8.3.6 ANR Re-Trusting
Participants: Olivier Sentieys, Angeliki Kritikakou, Marcello Traiola, Silviu-Ioan Filip.
- Program: ANR PRC
- Project acronym: Re-Trusting
- Project title: REliable hardware for TRUSTworthy artificial INtelliGence
- Duration: Oct. 2021 - Sep. 2025
- Coordinator: INL
- Other partners: LIP6, TARAN, THALES
To be able to run Artificial Intelligence (AI) algorithms efficiently, customized hardware platforms for AI (HW-AI) are required. Reliability of hardware becomes mandatory for achieving trustworthy AI in safety-critical and mission-critical applications, such as robotics, smart healthcare, and autonomous driving. The RE-TRUSTING project develops fault models and performs failure analysis of HW-AIs to study their vulnerability with the goal of “explaining” HW-AI. Explaining HW-AI means ensuring that the hardware is error-free and that the AI hardware does not compromise the AI prediction accuracy and does not bias AI decision-making. In this regard, the project aims at providing confidence and trust in decision-making based on AI by explaining the hardware wherein AI algorithms are being executed.
8.3.7 DGA/INRIA Sniffer
Participants: Olivier Sentieys.
- Program: DGA/INRIA joint call on AI
- Project acronym: Sniffer
- Project title: Non-intrusive monitoring of mains operated equipment
- Duration: Feb. 2020 - Mar. 2022
- Partners: TARAN, DGA-MI
Based on the SmartSense platform and on high-frequency traces of the power consumption of individual electrical appliances and building-level power monitoring, the aim of Sniffer is the detection and surveillance of equipment connected to the mains supply.

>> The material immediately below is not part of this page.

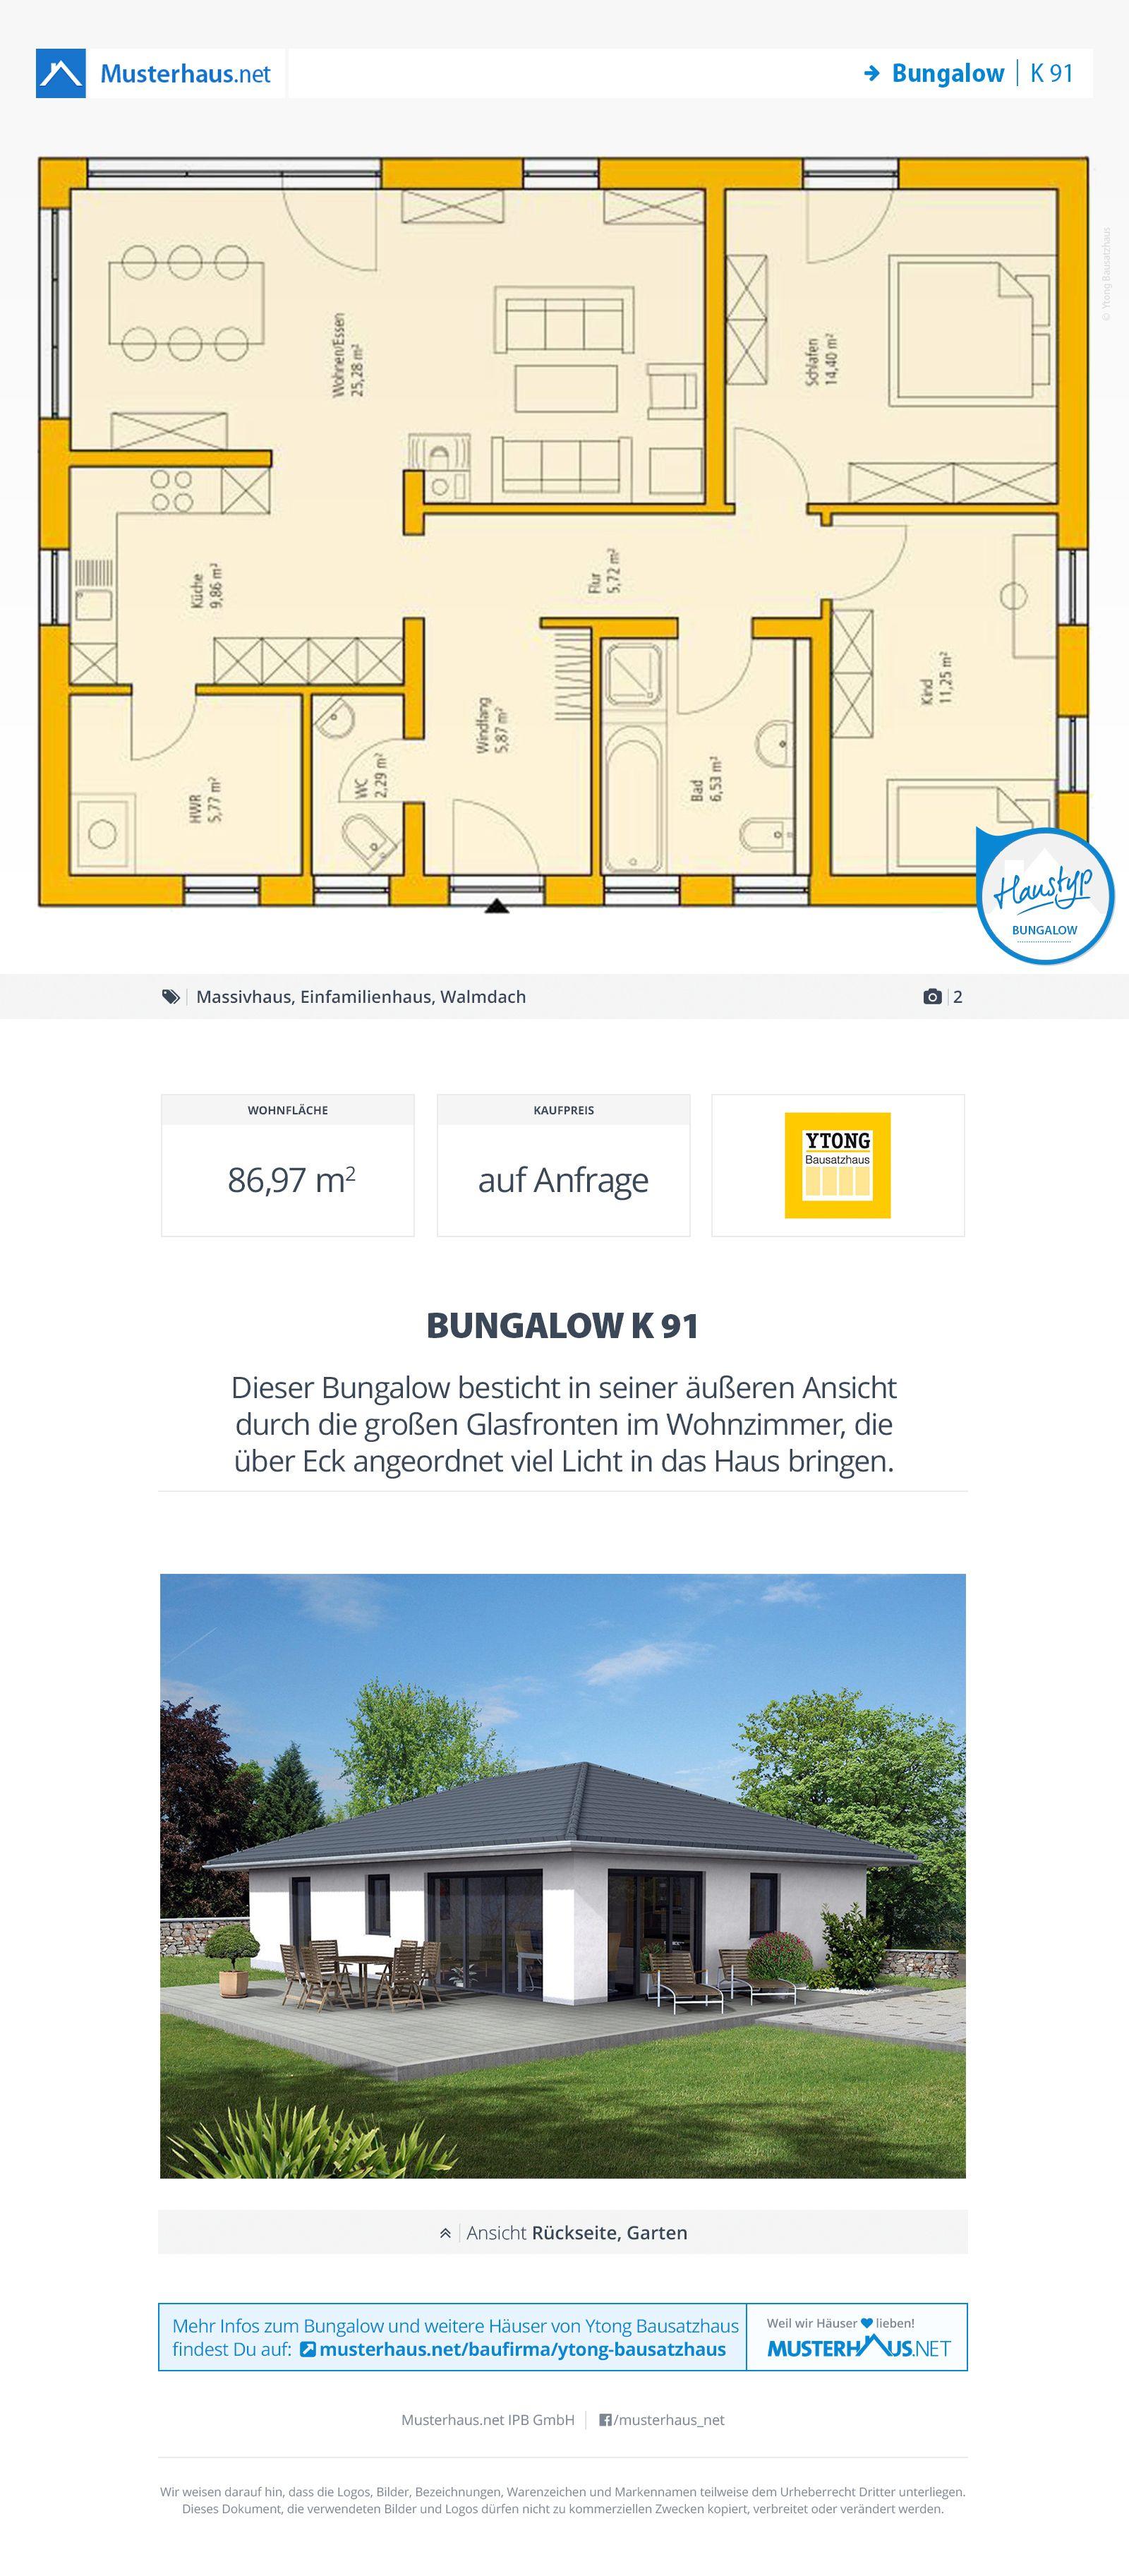 Musterhaus grundriss bungalow  Bungalow Grundriss, 87 m² | Bungalow Grundrisse | Pinterest ...

8.3.8 Labex CominLabs - LeanAI (2021-2024)
Participants: Silviu-Ioan Filip (PI), Olivier Sentieys, Steven Derrien.Recent developments in deep learning (DL) are putting a lot of pressure on and pushing the demand for intelligent edge devices capable of on-site learning. The realization of such systems is, however, a massive challenge due to the limited resources available in an embedded context and the massive training costs for state-of-the-art deep neural networks. In order to realize the full potential of deep learning, it is imperative to improve existing network training methodologies and the hardware being used. LeanAI will attack these problems at the arithmetic and algorithmic levels and explore the design of new mixed numerical precision hardware architectures that are at the same time more energy-efficient and offer increased performance in a resource-restricted environment. The expected outcome of the project includes new mixed-precision algorithms for neural network training, together with open-source tools for hardware and software training acceleration at the arithmetic level on edge devices. Partners: TARAN, LS2N/OGRE, INRIA-LIP/DANTE.
Participants: Emmanuel Casseau, François Charot, Daniel Chillet, Steven Derrien, Silviu-Ioan Filip, Cédric Killian, Angeliki Kritikakou, Simon Rokicki, Olivier Sentieys, Marcello Traiola.
9.1 Promoting scientific activities
9.1.1 Scientific events: organisation
Member of the organizing committees
- D. Chillet was in the Organizing Committee of HiPEAC Rapido'22.
- A. Kritikakou was in the Organizing Committee of INRIA Scientific days (JSI) 2022.
- M. Traiola was in the Organizing Committees of IEEE/ACM Design Automation and Test in Europe (DATE) 2022, IEEE VLSI Test Symposium (VTS) 2022, IEEE International Symposium on On-Line Testing and Robust System Design (IOLTS) 2022, IEEE International Workshop on Silicon Lifecycle Management (SLM) 2022, European Automotive Reliability, Test, and Safety workshop (eARTS) 2022, and European Workshop on Silicon Lifecycle Management (eSLM) 2022
9.1.2 Scientific events: selection
Chair of conference program committees
- O. Sentieys was the Chair of the D9 Track on Architectural and Microarchitectural Design at IEEE/ACM DATE 2022.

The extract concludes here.